The UK insurance industry is making big data a strategic priority in 2016.

Research commissioned from censuswide by data warehousing company Teradata has found that 82% of UK insurance companies with more than £500m turnover are prioritising big data strategies in 2016.

The survey polled 300 senior decision makers from the insurance industry, split evenly between the UK, France and Germany.

In the UK, 42 respondents were from companies with turnover between £50m and £500m and 22 from companies with turnover of £500m or more.

Among the smaller UK-based firms, a minority of 46% are making big data a priority.

Some 73% of the larger firms are using big data to increase premiums by tackling underwriting fraud.

Large French and German firms are ahead of the UK when it comes to what the survey calls "full deployment of customer data". On average, 76% of the French and Germans do this, while 63% of the British do.

The survey also looked at internet of things (IoT) data. Here, the British were ahead in their use of IoT data, such as telematics in car insurance. Three quarters of UK insurers pronounced themselves “very well equipped” to exploit this.

Lesley Winrow, head of insurance, Teradata UK and Ireland said: “It is reassuring to see that UK insurers have grasped just how crucial IoT data will be. However, it is time for smaller UK firms to follow suit. As insurers develop their big data projects, they will understand how they can use insights to differentiate themselves from the competition on more than just pricing”.

“Insurers who don’t have an advanced big data strategy are depriving themselves of the significant revenue-boosting capability to make far more personalised offers that will be more engaging and compelling to individual consumers.”

Read more about big data in insurance

Risk and privacy

At a Teradata organised discussion event held in the City of London, to coincide with the publication of the research, David Thomson, director of policy and public affairs at the Chartered Insurance Institute, cautioned against too great an embrace of the trend towards personalised offers in insurance: “Part of the genius of insurance is that it is based on pooled risk. That has been its social value.

"There is a danger of sleepwalking away from that into individual pricing.”

At the same event, Renate Samson, chief executive of civil liberties pressure group Big Brother Watch said: “Personalisation is slightly horrifying, and won’t be allowed under the terms of the EU’s GDPR [General Data Privacy Regulation]. You will not be allowed to analyse, profile or predict on the basis of behaviour, attitudes or preferences.

"And people feel creeped out having their social media activity or web browsing watched. If an insurance or other financial services company comes to me offering a service and I realise they’ve been looking at my Facebook or Twitter, they will come a cropper. If you think that personalisation is the key, run the other way.”

Pooling risk-takers

Stephen Brobst, chief technnology officer at Teradata, had a more positive take on using big data to deliver more personalised insurance: “As long as companies say what they do and do what they say, that is key. If I allow, as a consumer, an automotive insurance company to collect the data on my driving habits that allows them to see I am a better driver than the rest.
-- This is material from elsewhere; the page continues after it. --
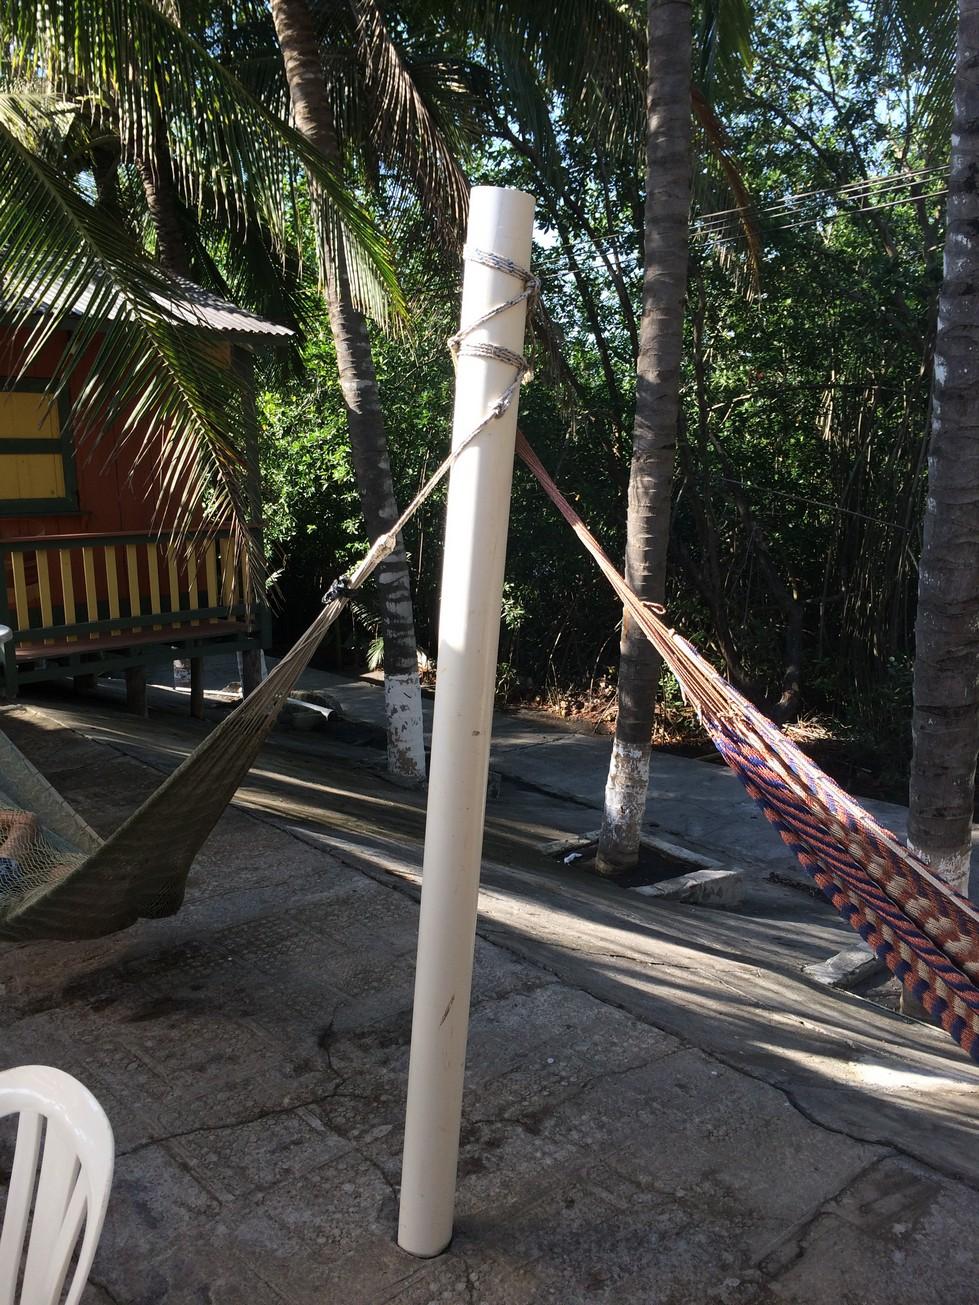 The poles holding up the hammocks (PVC).

The first car that I ever owned cost less than it did to insure it for a year.

"It is outrageously stupid to be put in the same risk pool as bad drivers.

“The same thing applies to healthcare. If you smoke and I don’t smoke, I don’t see why I should pay the same premium as you. Smoking is ultimately under my control. I shouldn’t subsidise the bad habits of others.

“Anonymised data can be used very well by actuaries to understand risk.”